Der Druckspeicher, auch Akkumulatorkolben genannt, hält im 7-Gang-Doppelkupplungsgetriebe DQ200 (0AM, 0CW) den Hydraulikdruck. Lässt er nach, läuft die Hydraulikpumpe dauerhaft, der Druck fällt ab und das Getriebe geht in den Notlauf. Im Fehlerspeicher stehen dann typischerweise P17BF, P189C oder P0841.

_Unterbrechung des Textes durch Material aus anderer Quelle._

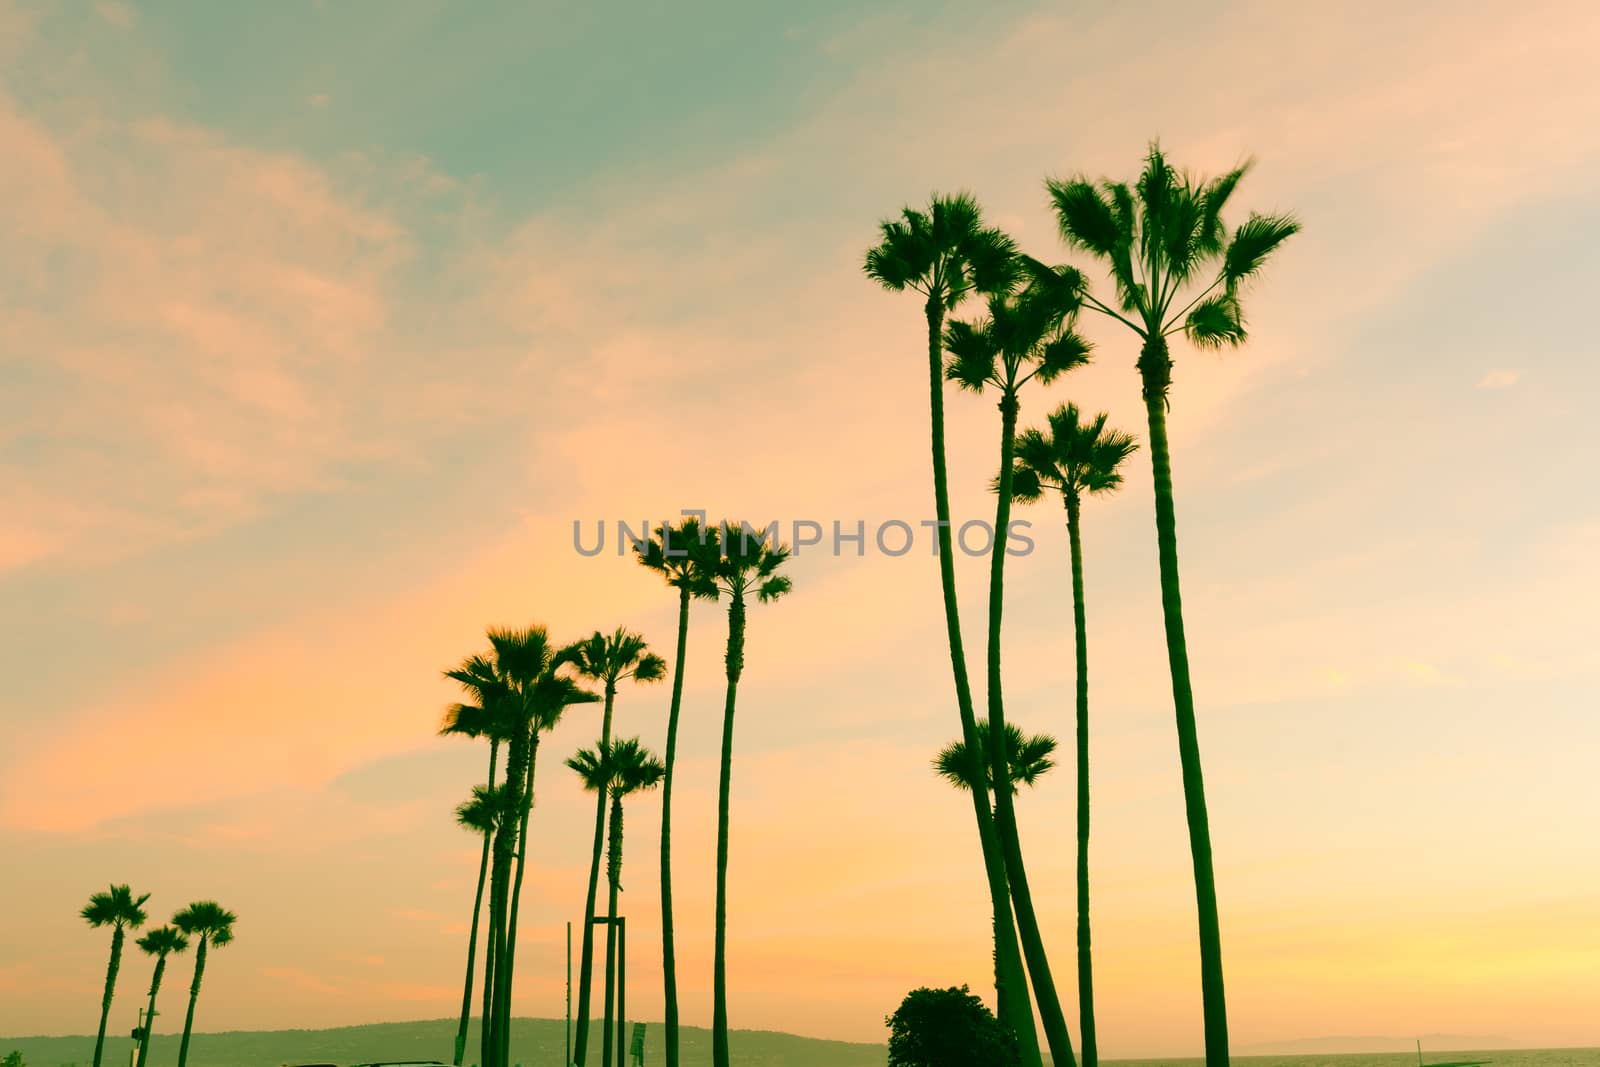 Retro Californian nights colorful sky and silhouette palms at sunset by brians101

Es gibt zwei Wege. Variante A ist der Standardfall: Wechsel direkt am Fahrzeug, die Mechatronik bleibt eingebaut. Variante B ist der Wechsel bei ausgebauter Mechatronik, nötig wenn der Bauraum nicht ausreicht. Beide Wege setzen Werkstatt-Erfahrung und ein Diagnosegerät voraus. Lesen Sie die Anleitung einmal komplett, bevor Sie beginnen.

Sicherheit zuerst

Systemdruck: Das Hydrauliksystem steht mit bis zu 60 bar unter Druck. Vor dem Lösen des Druckspeichers muss der Systemdruck vollständig abgebaut sein (Schritt 3). Den Druckspeicher niemals öffnen – er enthält eine vorgespannte Gasfüllung.

Sauberkeit ist Pflicht: Kleinste Partikel können Ventile der Mechatronik blockieren. Vor dem Öffnen reinigen, fusselfreie Tücher verwenden.

Batterie abklemmen, bevor der Anlasser ausgebaut oder an der Mechatronik gearbeitet wird.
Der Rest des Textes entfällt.